The story goes like this: Gwen Goldman was 10 years old when she wrote to the Yankees asking to be a bat girl. The letter they wrote back is pretty heinous, though not surprising given that it was, well, 1961: “While we agree with you that girls are certainly as capable as boys, and no doubt would be an attractive addition on the playing field, I am sure you can understand that in a game dominated by men a young lady such as yourself would feel left out of place in a dugout.”

Exactly 60 years later (to the month!)—through a decades-long marriage, the raising of two daughters, the spoiling of two grandkids—Gwen still has that letter. It’s become something like family lore. I know this because my friend Abby is Gwen’s younger daughter, and told me as much recently: “It was all just known, part of the family’s storybook,” she texted me. “I don’t remember my mom first telling me because it was something that was totally woven into the seams of our family. Playing softball with my mom and my papa, going to baseball games, mom’s dream of being a bat girl and my papa telling her to write and ask. And The Letter—that was hung in our basement bathroom!”
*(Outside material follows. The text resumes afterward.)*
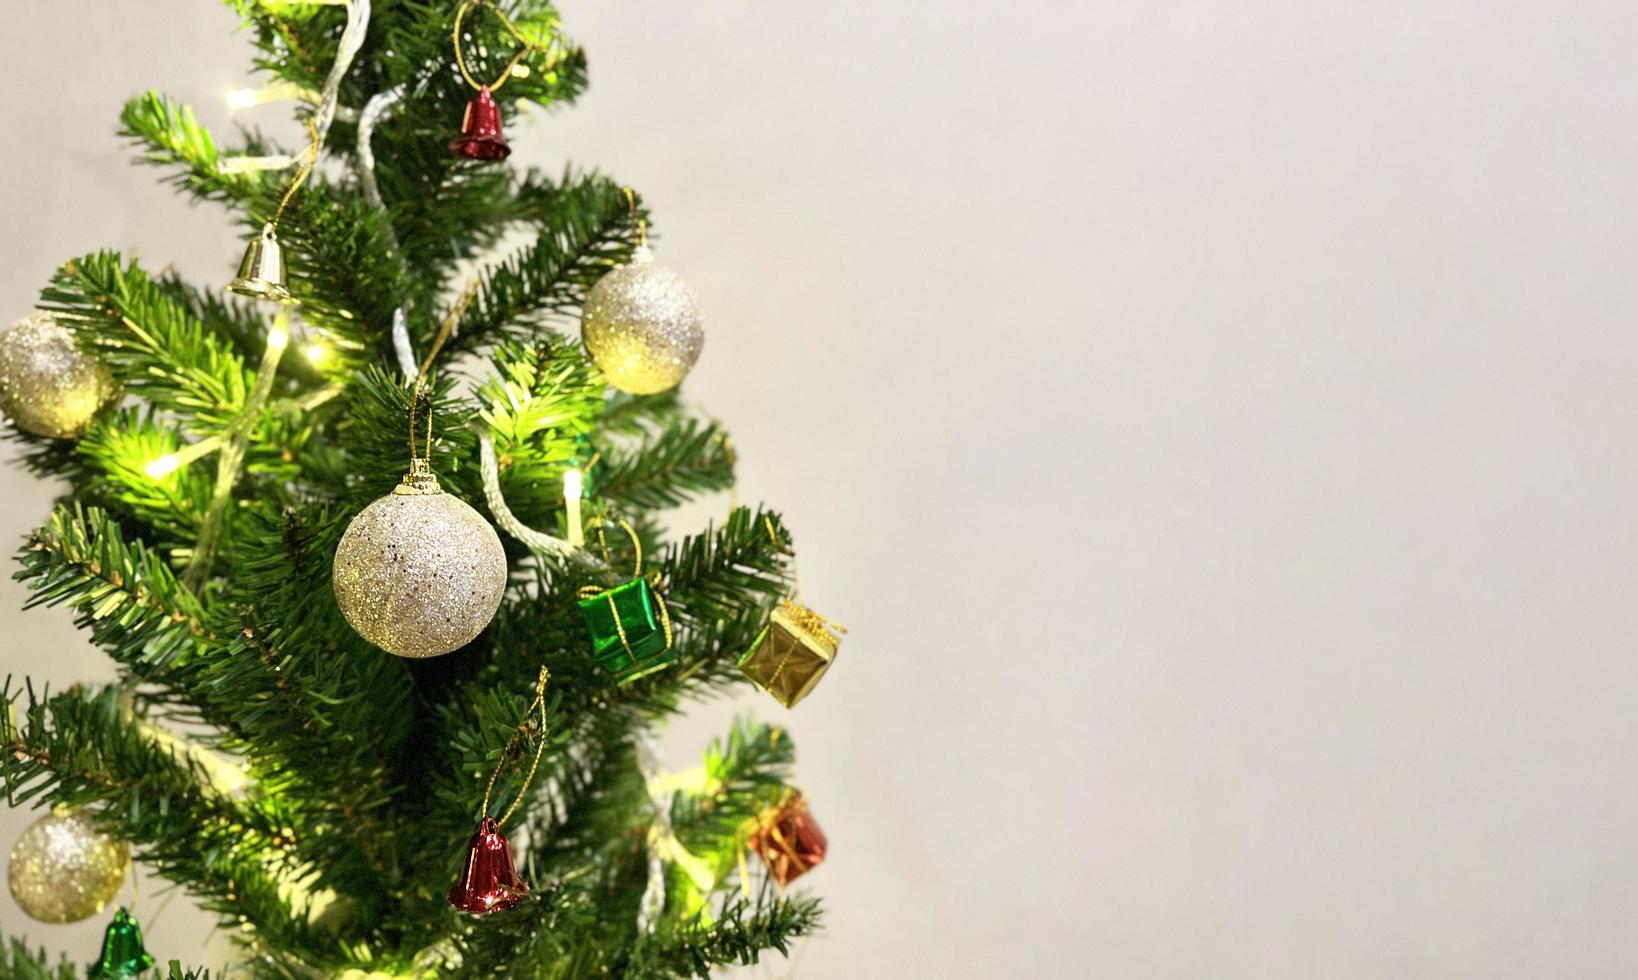 dekorerad jul träd med färgrik gåva låda och klocka isolerat på vit bakgrund foto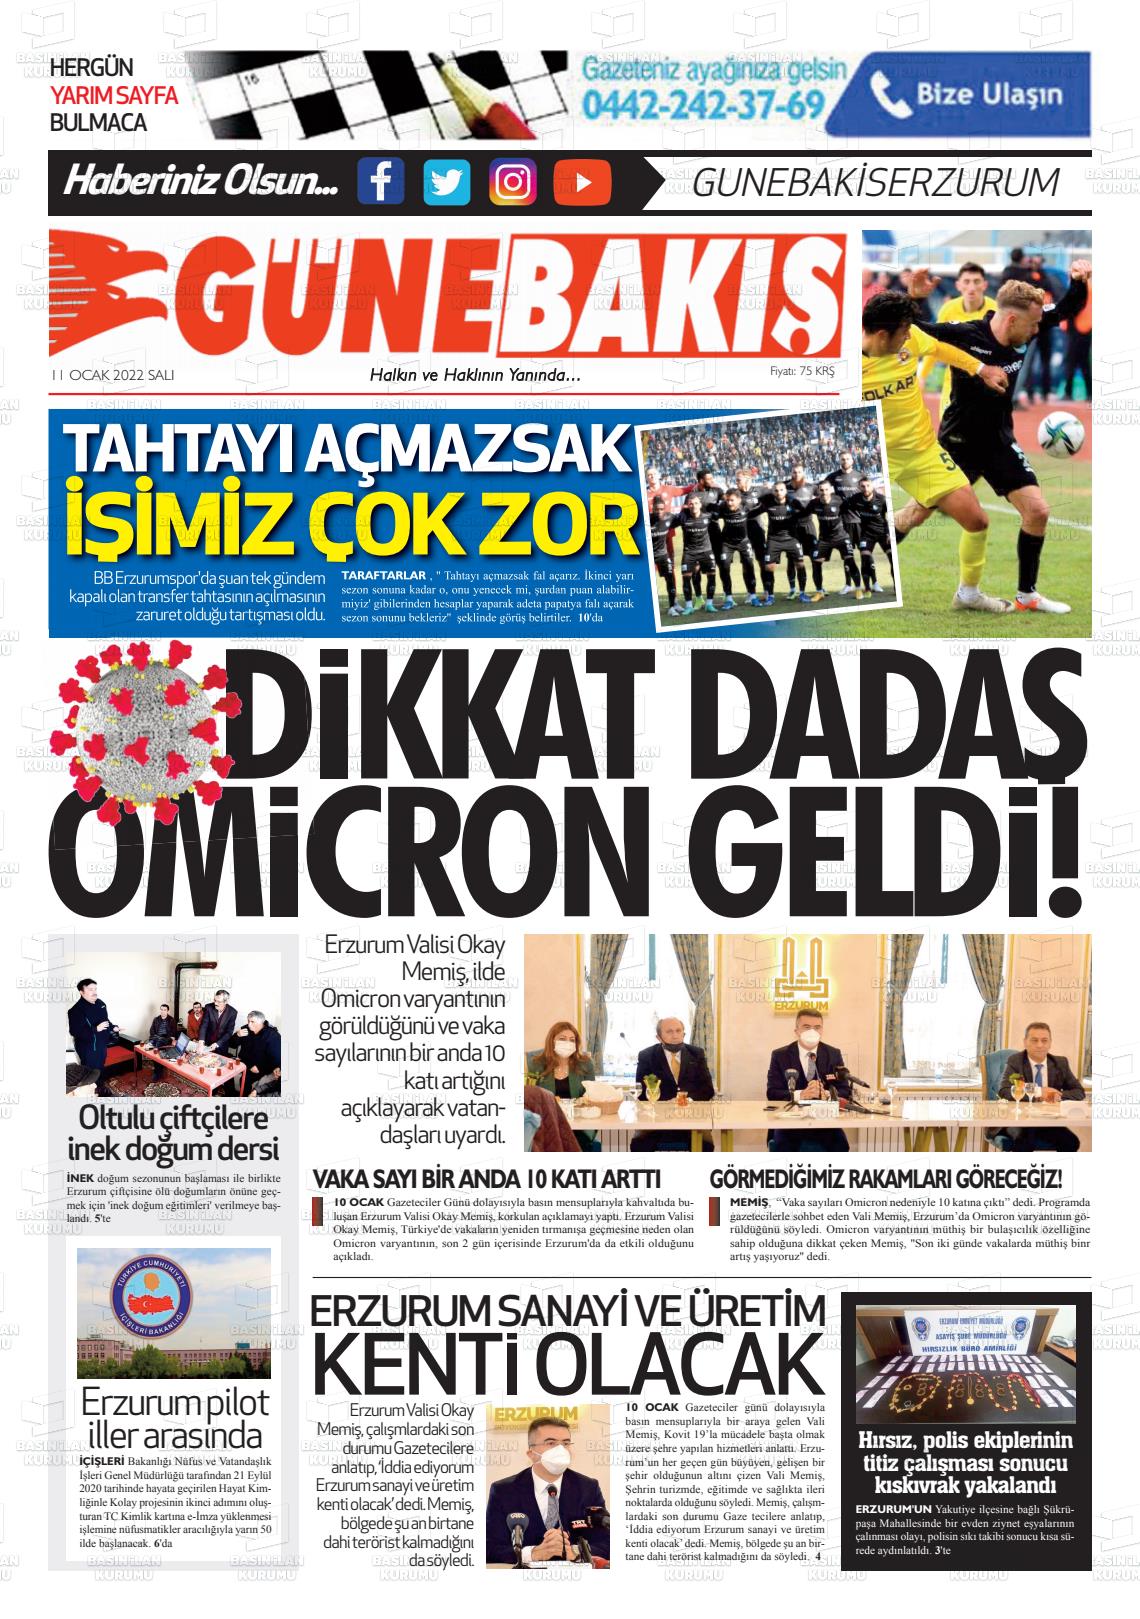 11 Ocak 2022 Erzurum Günebakış Gazete Manşeti

So Abby had the idea, without her mom’s knowledge, to write another letter to the Yankees, asking them to rectify this wrong.

Then, finally, they actually did. Last week, Abby and her family tricked Gwen onto a Zoom. Instead of a video feed celebrating the end of her grandson’s school year, squares popped up with Yankees GM Brian Cashman and star pitcher Gerrit Cole. Cashman read Gwen the new letter the organization had just sent: “Some dreams take longer than they should to be realized, but a goal attained should not dim with the passage of time.”

Yesterday was Gwen’s big day. 

 

The icing on the cake: Not only did Gwen get to be a bat girl, but she threw out the first damn pitch, looking like a total pro in that uniform.

More than an attractive addition, I’d say?

This all melted even my cynical, hardened heart. If you don’t tear up…I truly give up on humanity.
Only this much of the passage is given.